• **Work to complete**:
The material below is to be copied exactly from the line with "055期正版九龙内幕报" up to and including the line with "fischietto personalizzato rosso", with nothing else kept and no pictures.

• **Material for the task**:
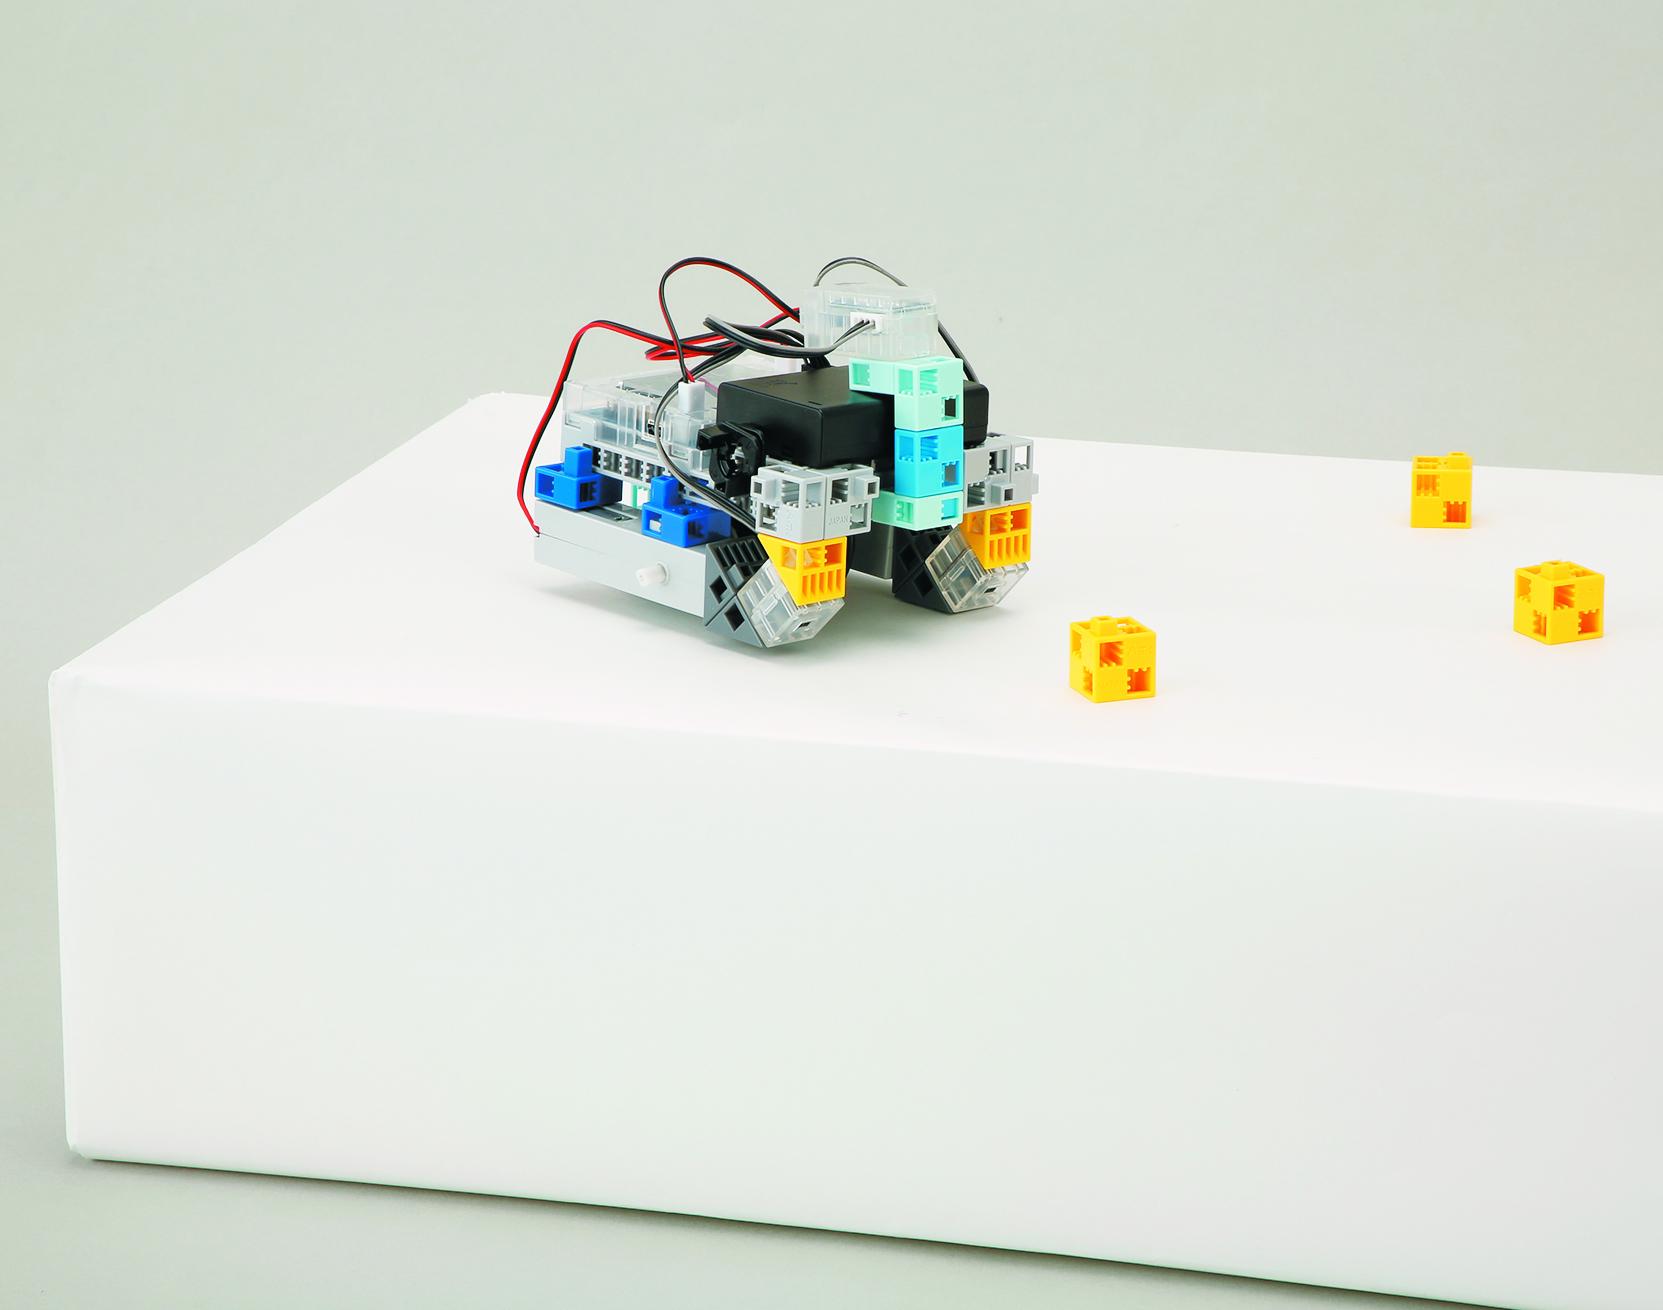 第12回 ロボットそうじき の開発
* * *
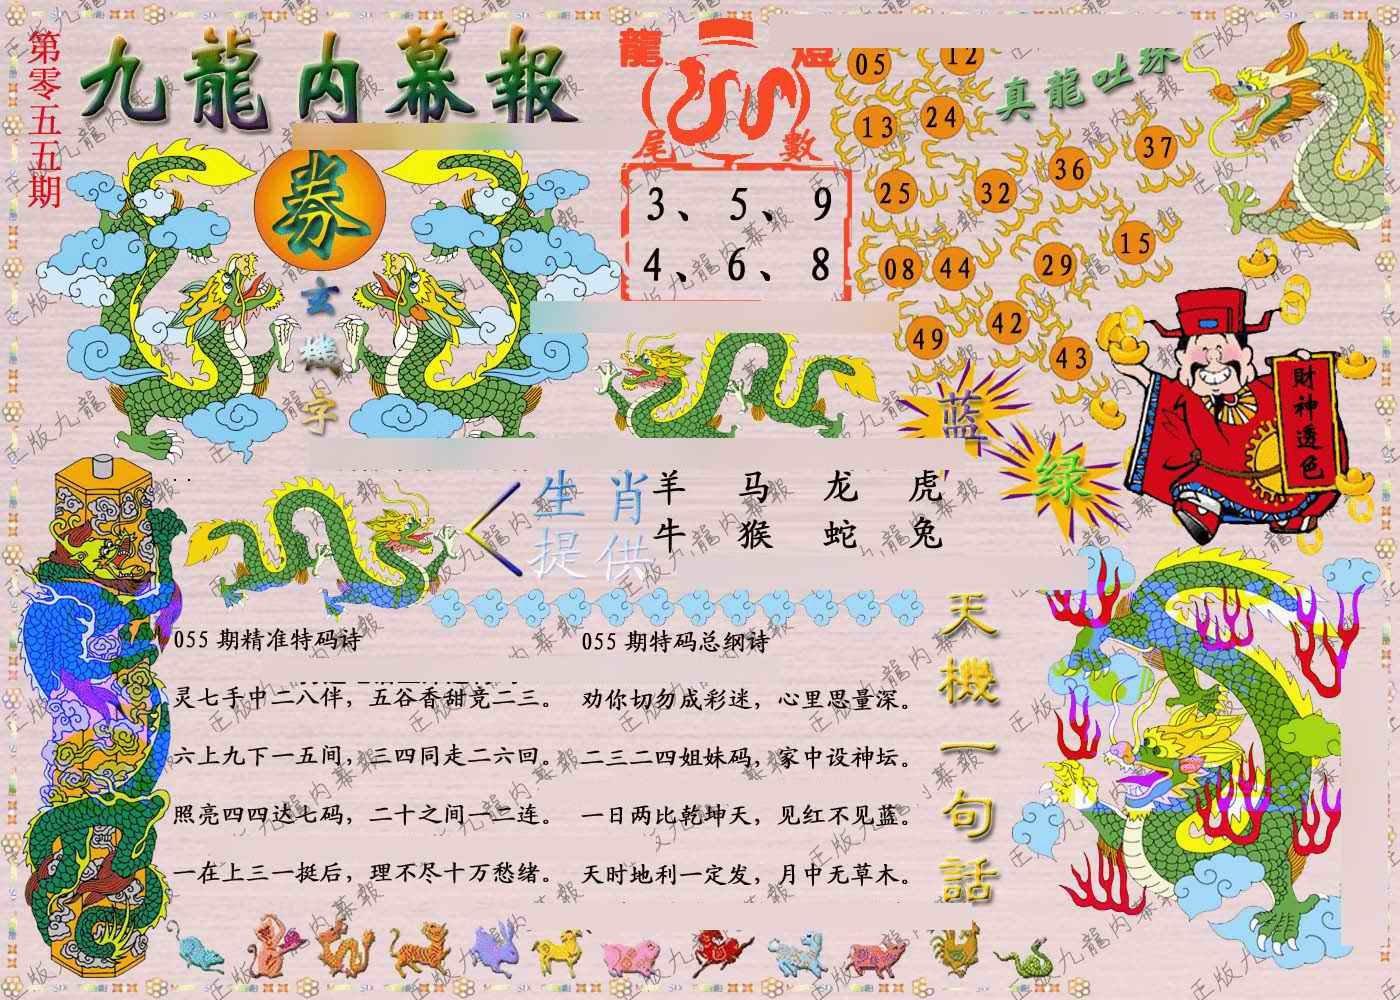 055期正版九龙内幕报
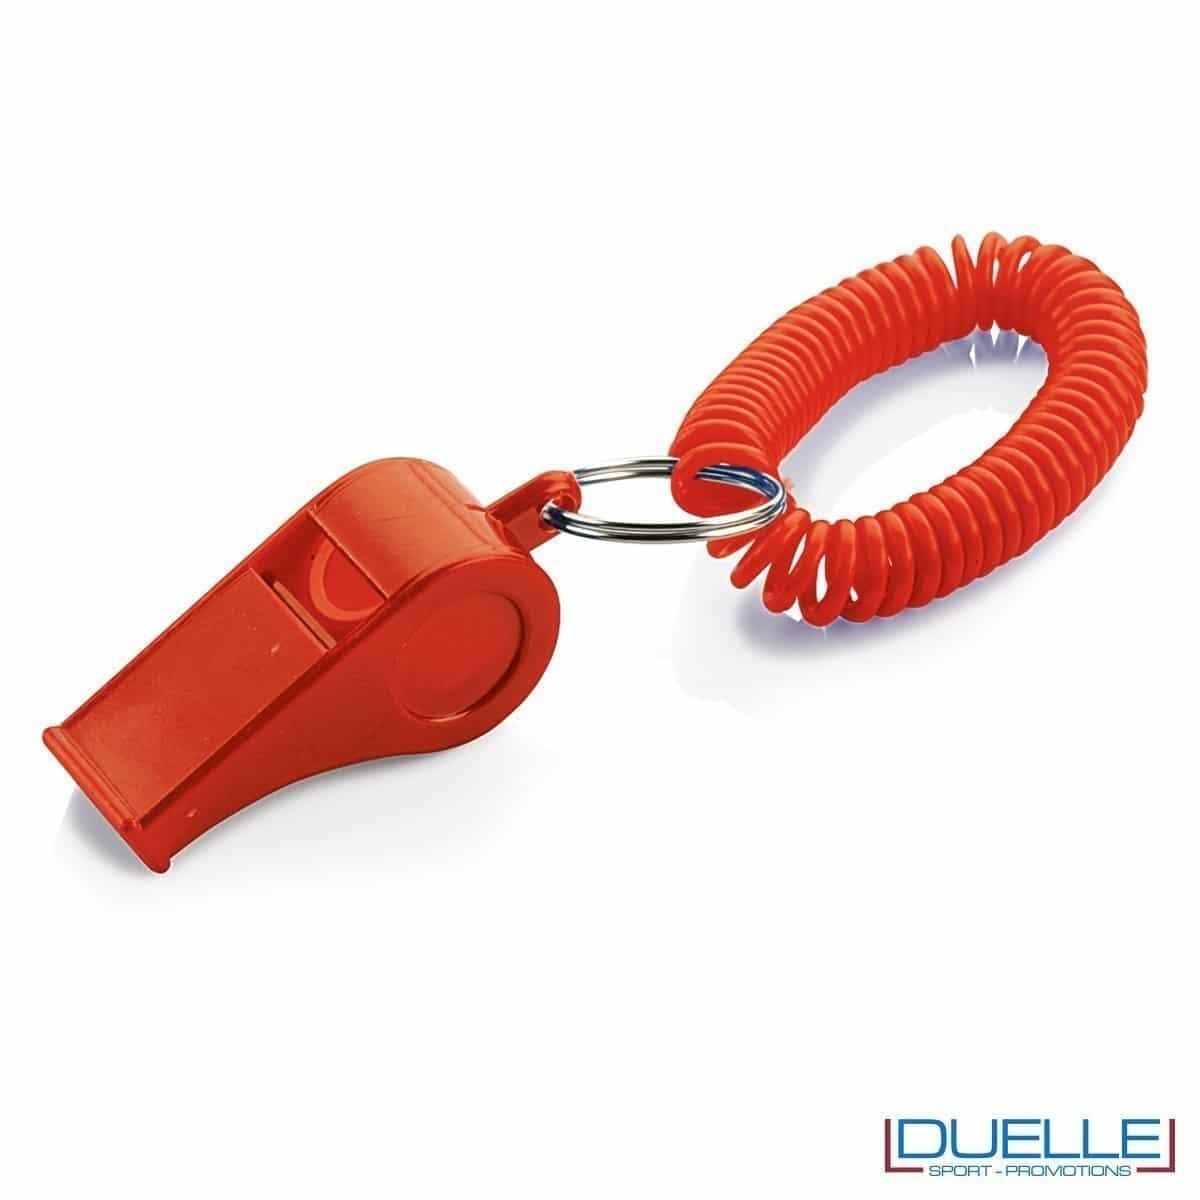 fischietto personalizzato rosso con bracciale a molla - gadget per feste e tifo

• **Task output**:
 055期正版九龙内幕报
 fischietto personalizzato rosso con bracciale a molla - gadget per feste e tifo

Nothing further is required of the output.